I am looking to write an SQL query that identifies the longest period that an individual has gone without having a meat meal. Ideally the output would look like
person periodstart periodend
where for each person the longest period without meat would be identified and
periodstart would be the time of the first non-meat meal
periodend would be the time of the first meat meal following.
SQL below creates table and data .
CREATE TABLE MEALS
(
PERSON VARCHAR2(20 BYTE)
, MEALTIME DATE
, FOODTYPE VARCHAR2(20)
);
Insert into MEALS (PERSON,MEALTIME,FOODTYPE)
values ('Jane',to_date('04-JAN-15 06:09:09','DD-MON-RR HH24:MI:SS'),'fruit');
Insert into MEALS (PERSON,MEALTIME,FOODTYPE)
values ('Jane',to_date('05-JAN-15 06:09:09','DD-MON-RR HH24:MI:SS'),'veg');
Insert into MEALS (PERSON,MEALTIME,FOODTYPE)
values ('Jane',to_date('07-JAN-15 06:01:24','DD-MON-RR HH24:MI:SS'),'meat');
Insert into MEALS (PERSON,MEALTIME,FOODTYPE)
values ('Jane',to_date('07-JAN-15 12:03:50','DD-MON-RR HH24:MI:SS'),'veg');
Insert into MEALS (PERSON,MEALTIME,FOODTYPE)
values ('John',to_date('02-JAN-15 10:03:23','DD-MON-RR HH24:MI:SS'),'veg');
Insert into MEALS (PERSON,MEALTIME,FOODTYPE)
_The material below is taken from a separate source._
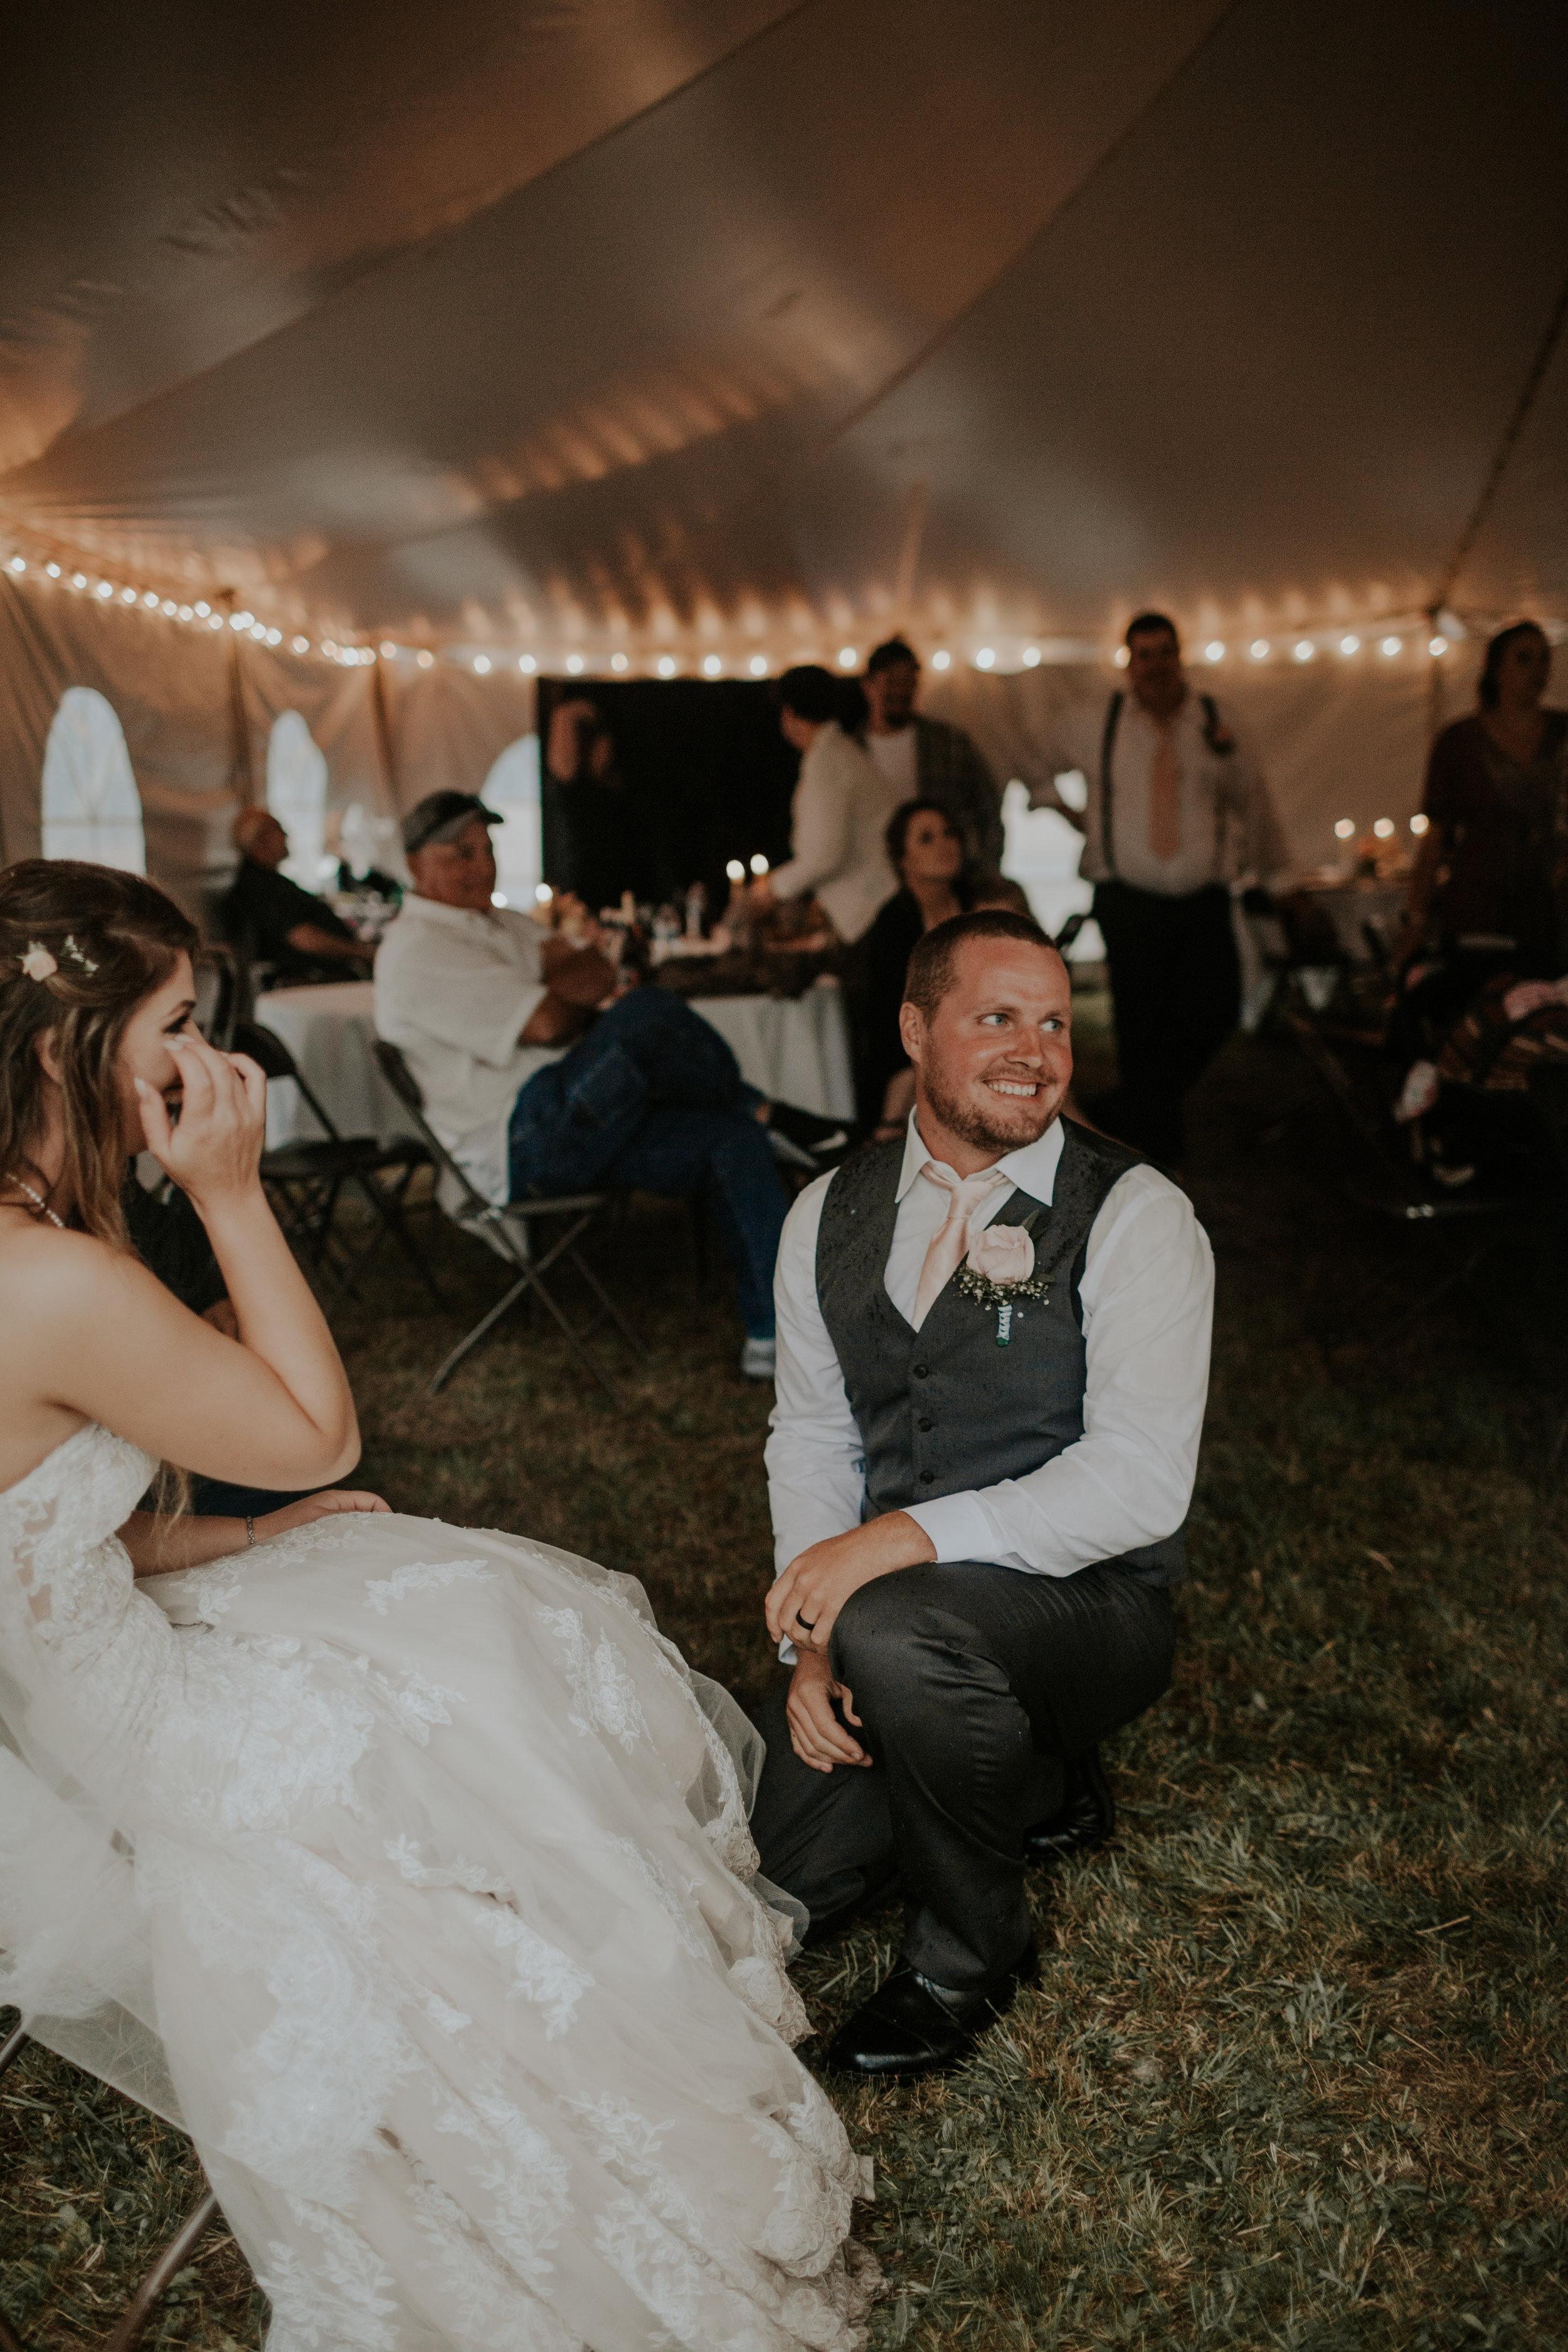 Olympic-Peninsula-Wedding-Photographer-PNW-Forks-Port-Angeles-Kayla-Dawn-Photography-engagement-Olympic-National-Park-213.jpg

values ('John',to_date('03-JAN-15 10:03:23','DD-MON-RR HH24:MI:SS'),'meat');
Insert into MEALS (PERSON,MEALTIME,FOODTYPE)
values ('John',to_date('04-JAN-15 10:03:23','DD-MON-RR HH24:MI:SS'),'veg');
Insert into MEALS (PERSON,MEALTIME,FOODTYPE)
values ('John',to_date('05-JAN-15 07:03:23','DD-MON-RR HH24:MI:SS'),'veg');
Insert into MEALS (PERSON,MEALTIME,FOODTYPE)
values ('John',to_date('05-JAN-15 10:03:23','DD-MON-RR HH24:MI:SS'),'veg');
Insert into MEALS (PERSON,MEALTIME,FOODTYPE)
values ('John',to_date('06-JAN-15 05:01:54','DD-MON-RR HH24:MI:SS'),'veg');
Insert into MEALS (PERSON,MEALTIME,FOODTYPE)
values ('John',to_date('06-JAN-15 05:01:54','DD-MON-RR HH24:MI:SS'),'fruit');
Insert into MEALS (PERSON,MEALTIME,FOODTYPE)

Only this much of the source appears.